- TASK INPUT
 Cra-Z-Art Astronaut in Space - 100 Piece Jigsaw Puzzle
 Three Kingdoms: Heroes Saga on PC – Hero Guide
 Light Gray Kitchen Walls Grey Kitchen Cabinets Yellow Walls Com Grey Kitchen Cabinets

--

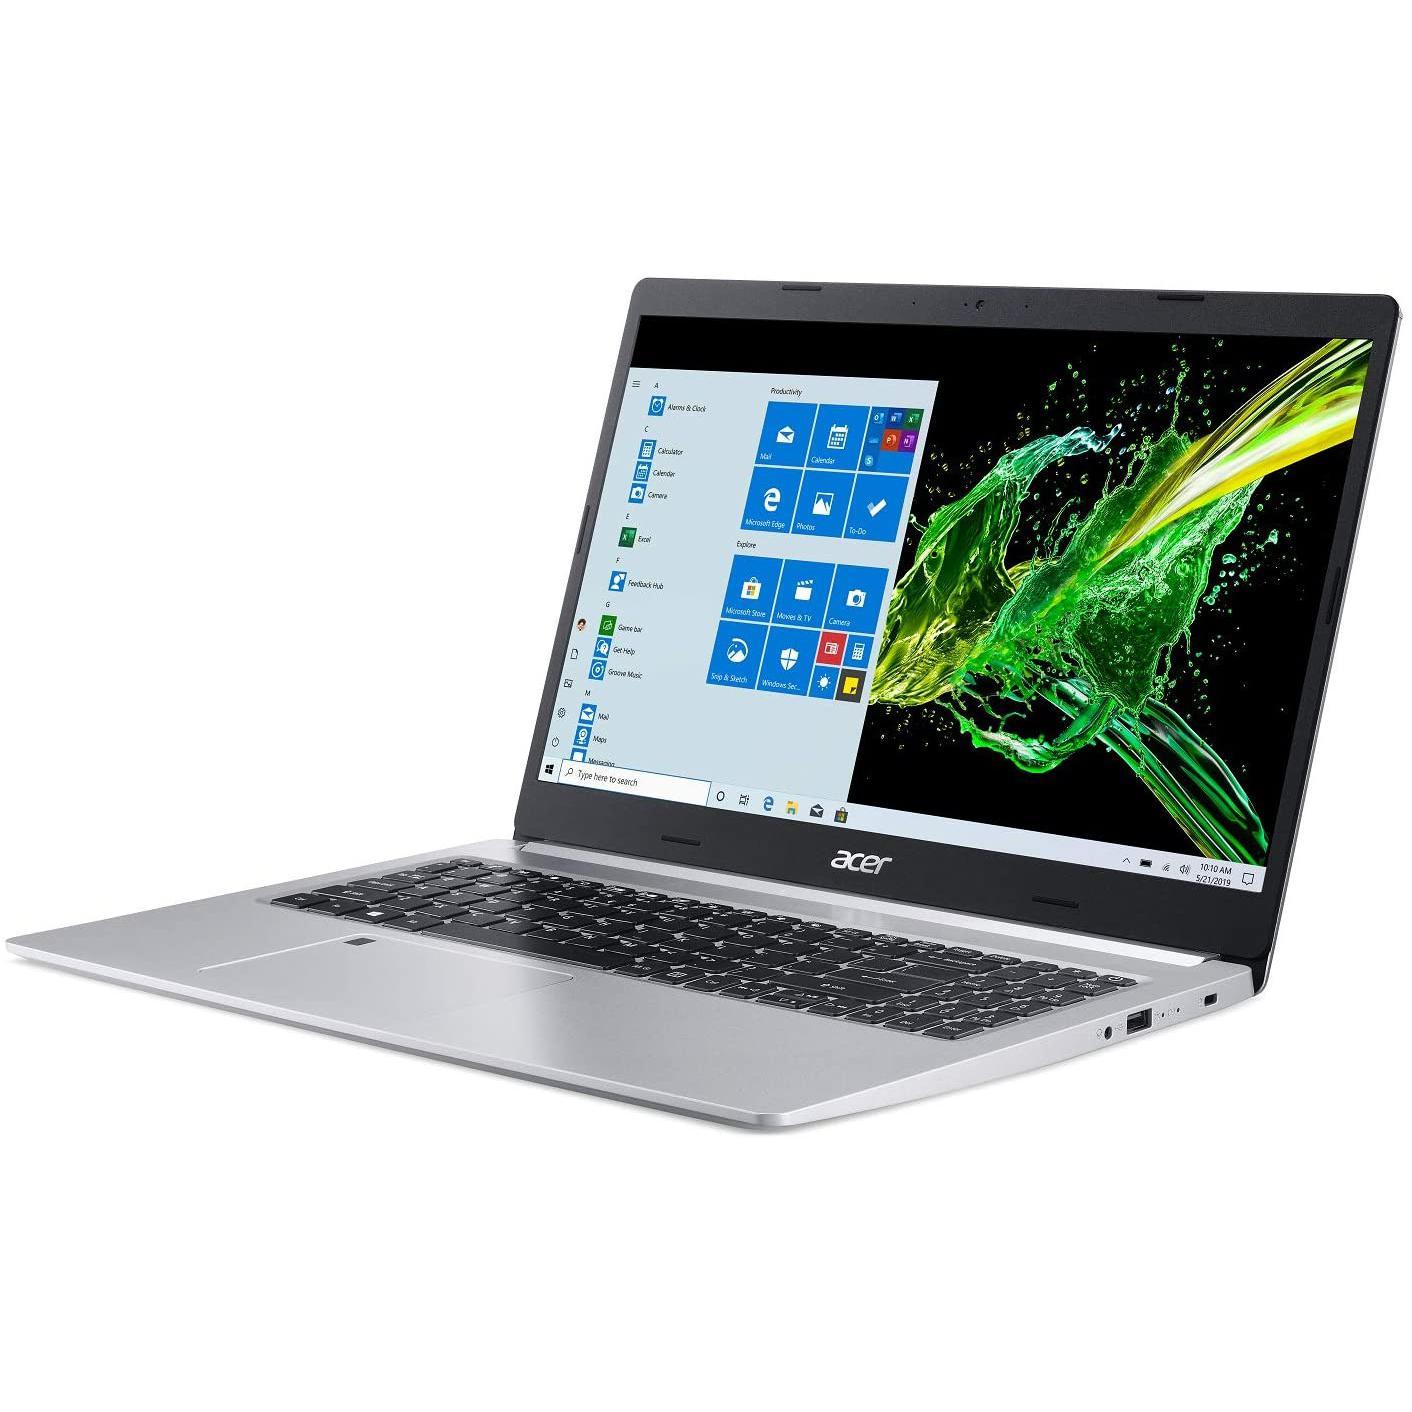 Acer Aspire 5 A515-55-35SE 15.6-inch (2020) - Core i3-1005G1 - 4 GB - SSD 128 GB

...

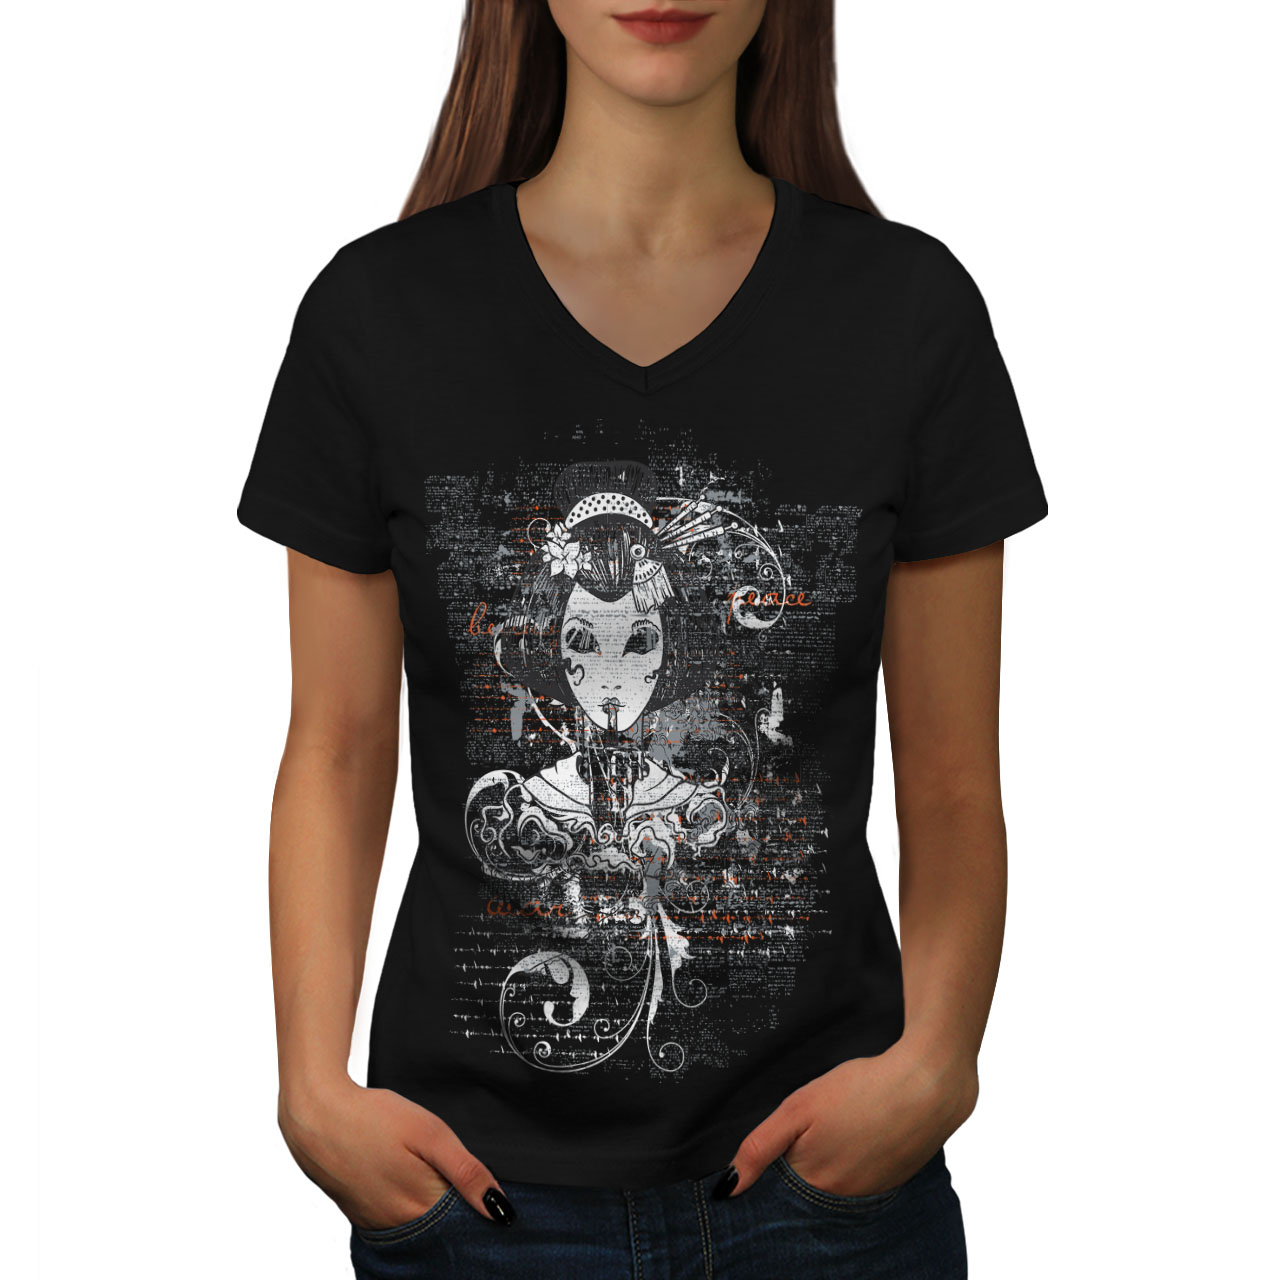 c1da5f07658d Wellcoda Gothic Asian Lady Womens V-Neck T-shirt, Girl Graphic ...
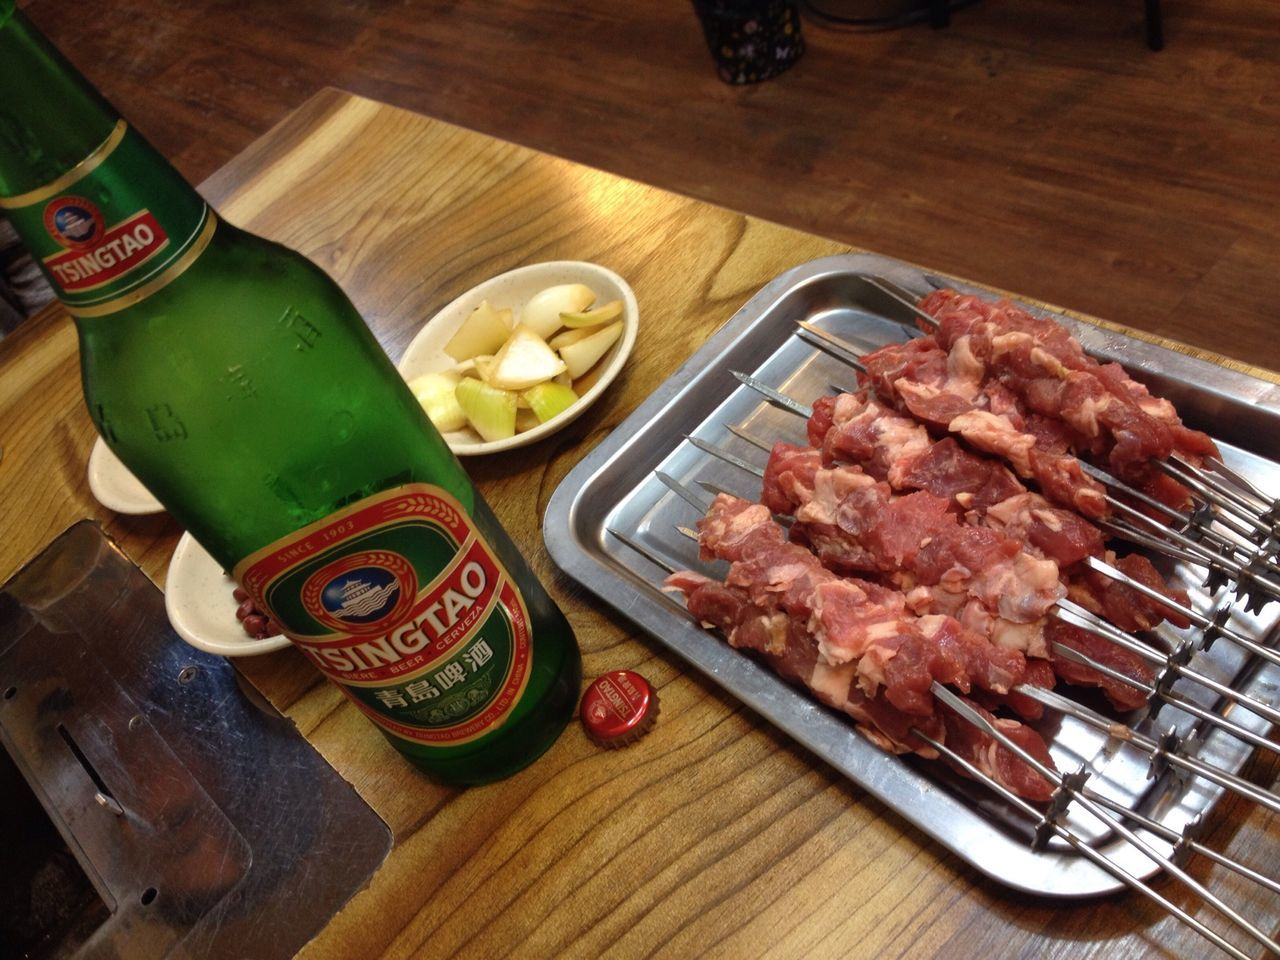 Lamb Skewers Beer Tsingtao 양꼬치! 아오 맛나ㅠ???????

- EXERCISE INSTRUCTIONS
Line for line, output the entries above from the line with "c1da5f07658d Wellcoda Gothic" to the line with "Lamb Skewers Beer", both included, and nothing more. Skip pictures.

- ANSWER FOR THE TASK
 c1da5f07658d Wellcoda Gothic Asian Lady Womens V-Neck T-shirt, Girl Graphic ...
 Lamb Skewers Beer Tsingtao 양꼬치! 아오 맛나ㅠ???????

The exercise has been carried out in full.